_Records to use_
↓↓↓

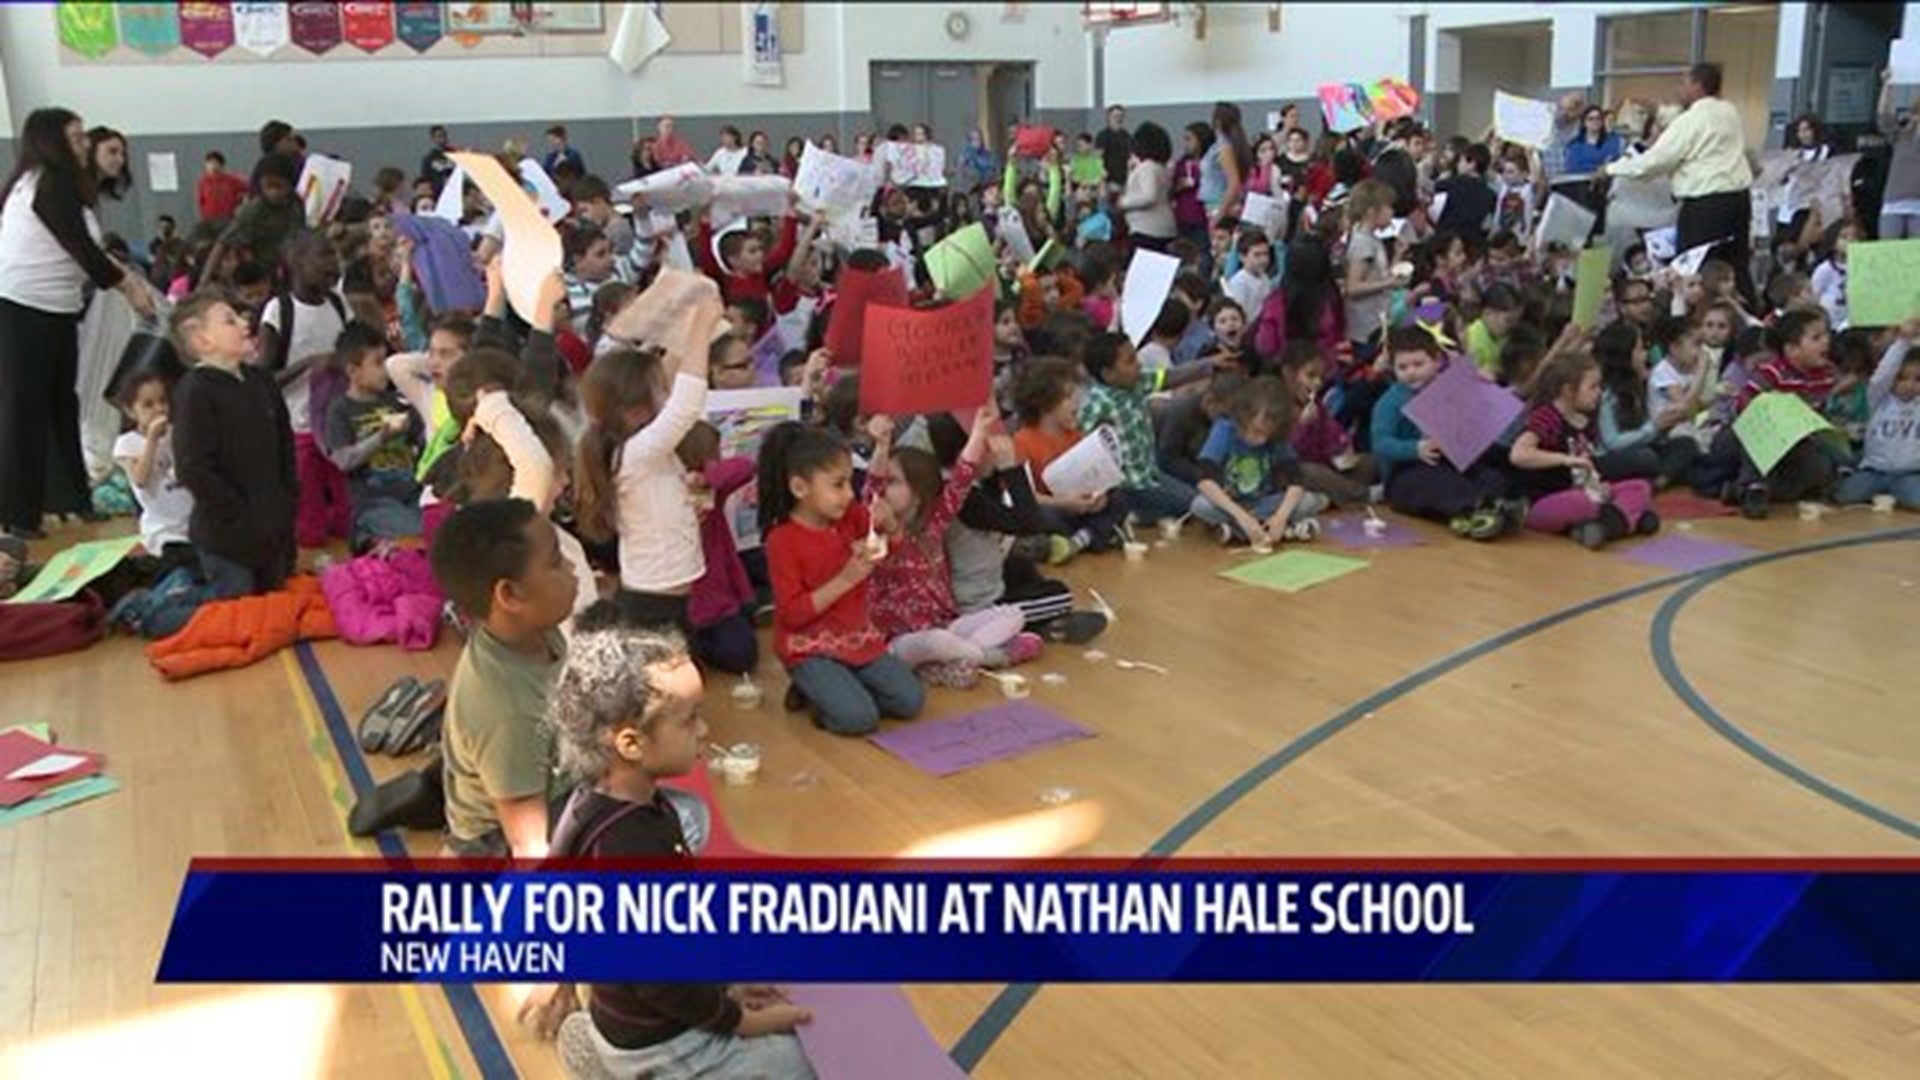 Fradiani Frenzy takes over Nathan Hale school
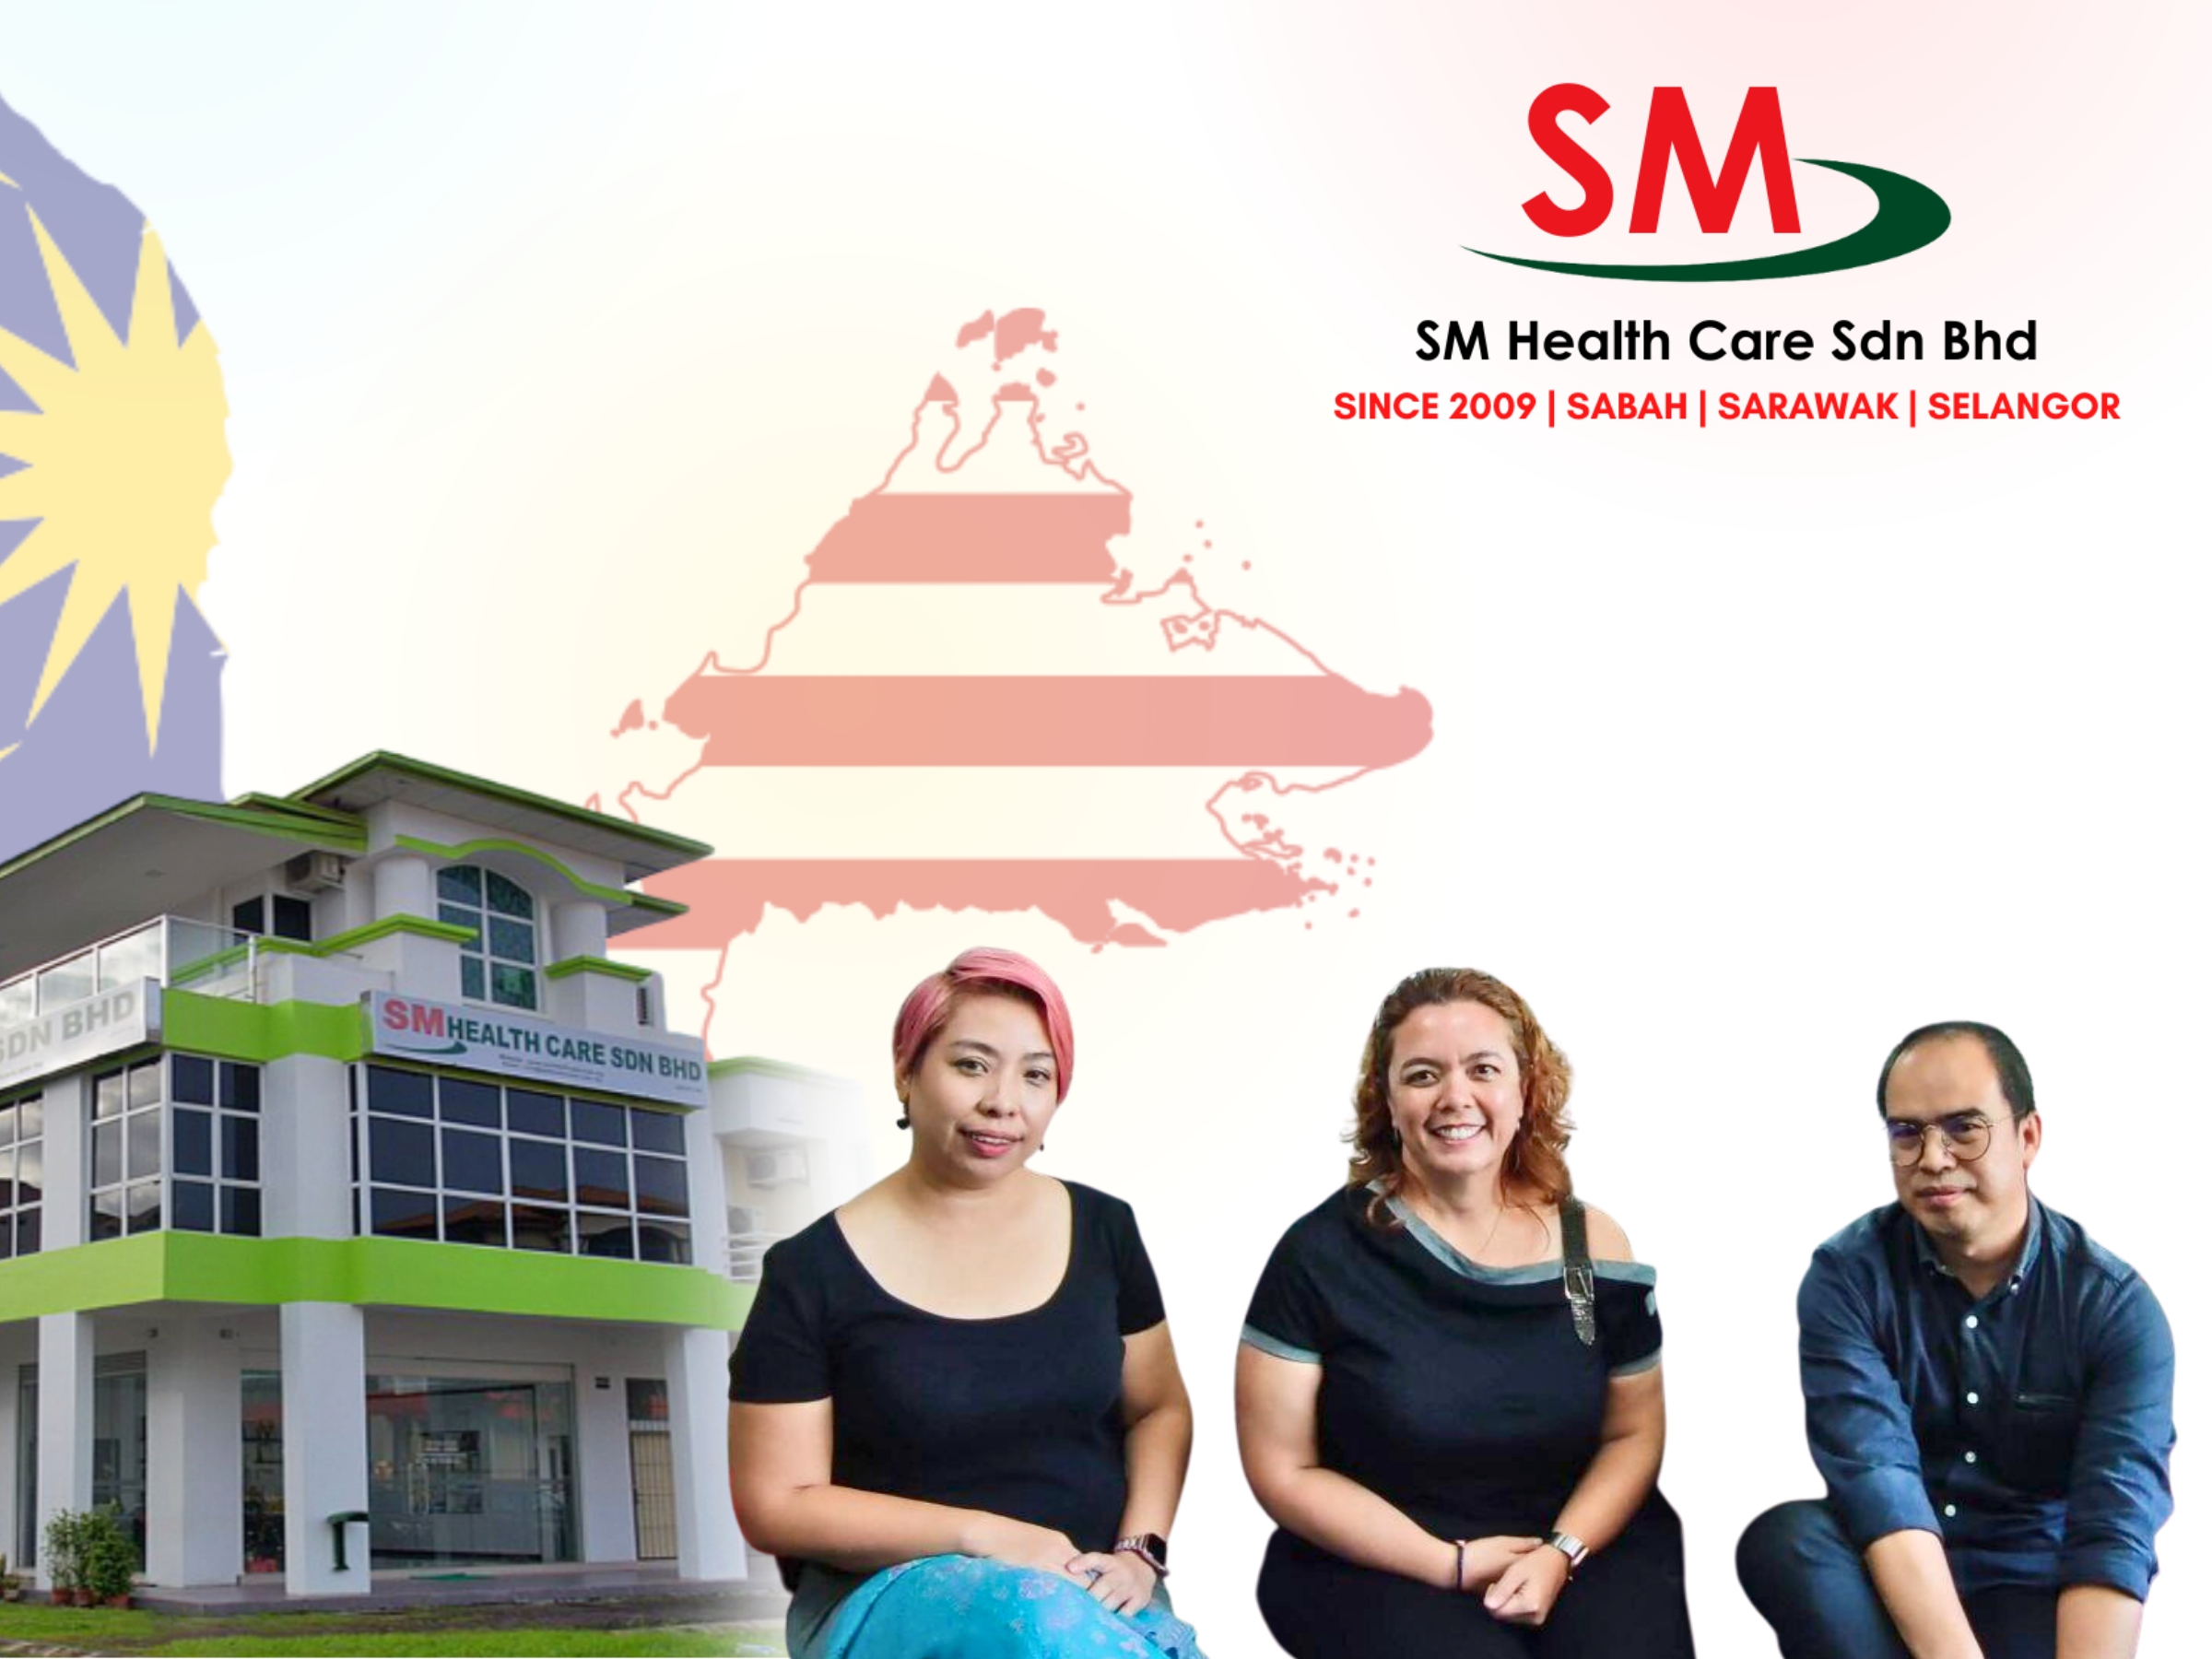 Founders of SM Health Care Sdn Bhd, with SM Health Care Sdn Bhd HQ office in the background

↑↑↑
↓↓↓

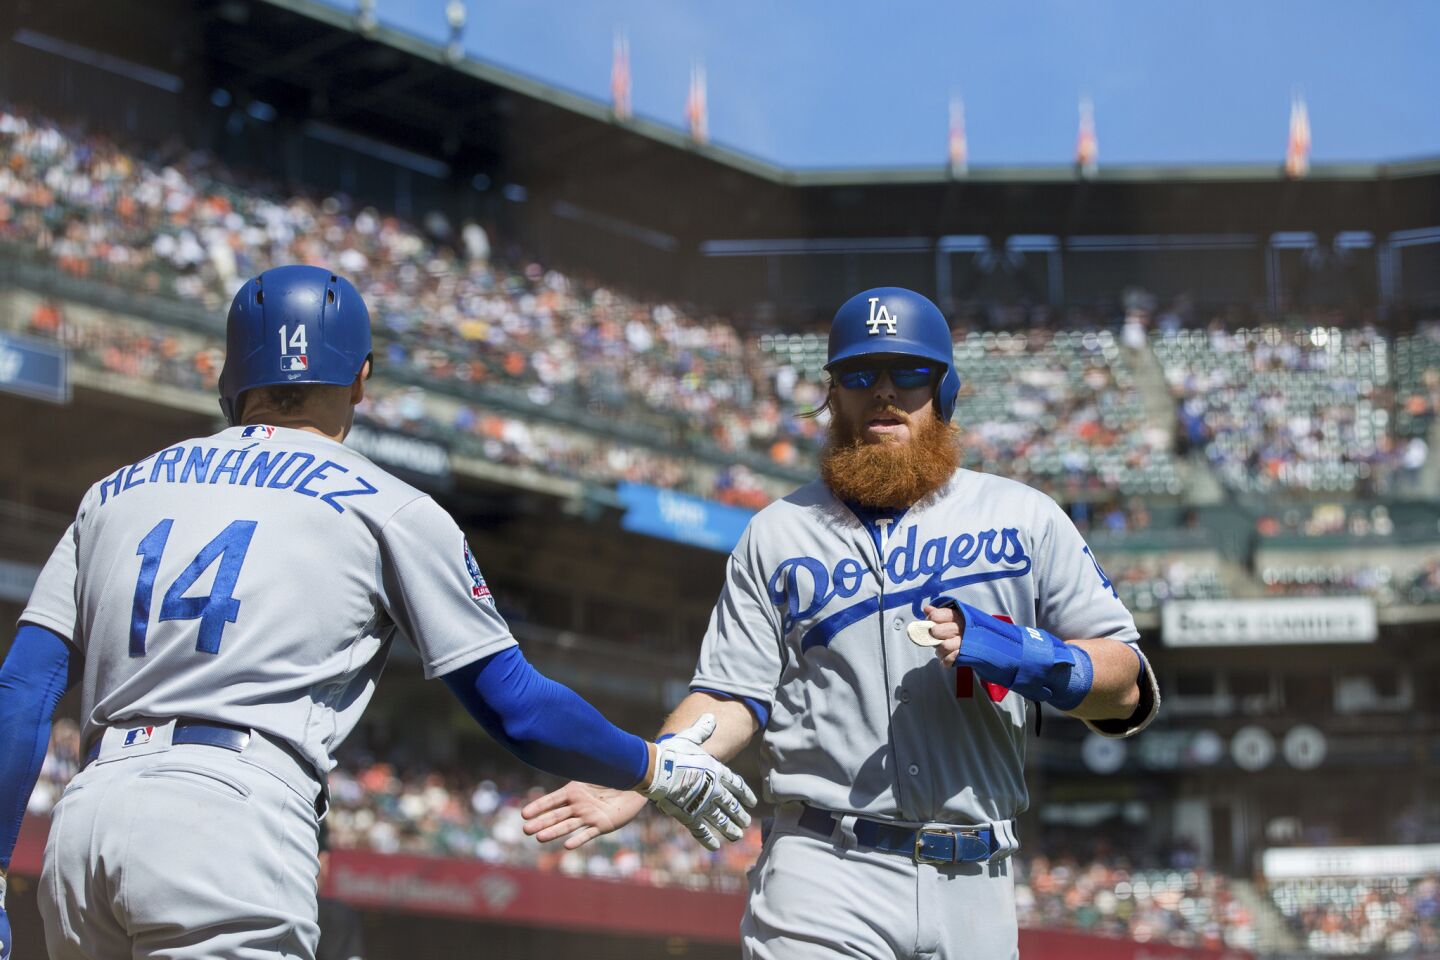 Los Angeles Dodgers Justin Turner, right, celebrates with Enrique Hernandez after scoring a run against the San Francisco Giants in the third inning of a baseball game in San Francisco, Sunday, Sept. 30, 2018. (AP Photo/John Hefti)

↑↑↑
↓↓↓

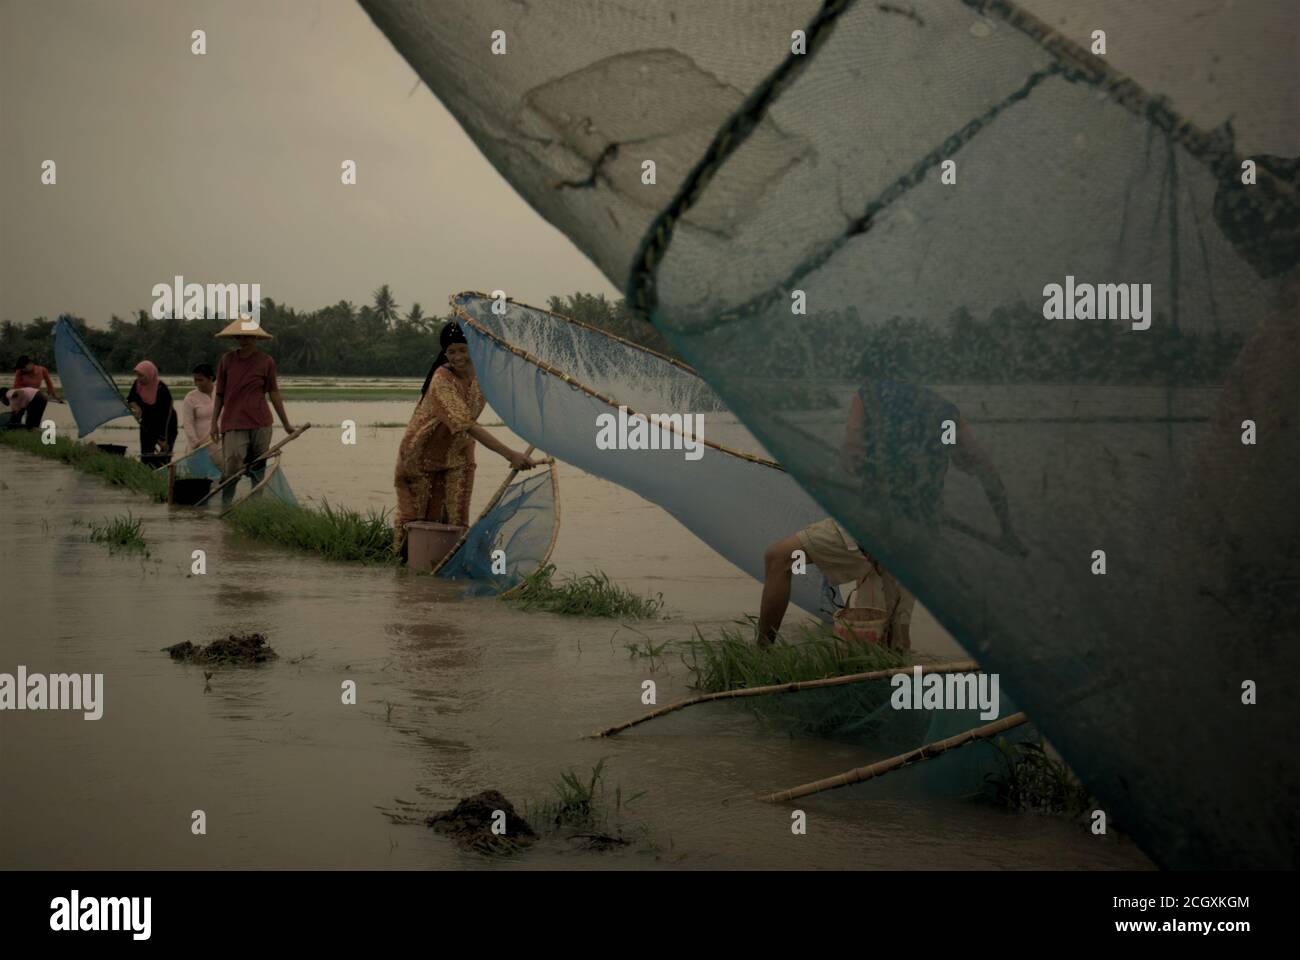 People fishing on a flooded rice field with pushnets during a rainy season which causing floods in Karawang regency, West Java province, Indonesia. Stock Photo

↑↑↑

_What the exercise asks_
Out of the records above, please copy exactly the lines from the line with "Fradiani Frenzy takes" up to and including the line with "Founders of SM", minus the pictures.

_Response to this task_
 Fradiani Frenzy takes over Nathan Hale school
 Founders of SM Health Care Sdn Bhd, with SM Health Care Sdn Bhd HQ office in the background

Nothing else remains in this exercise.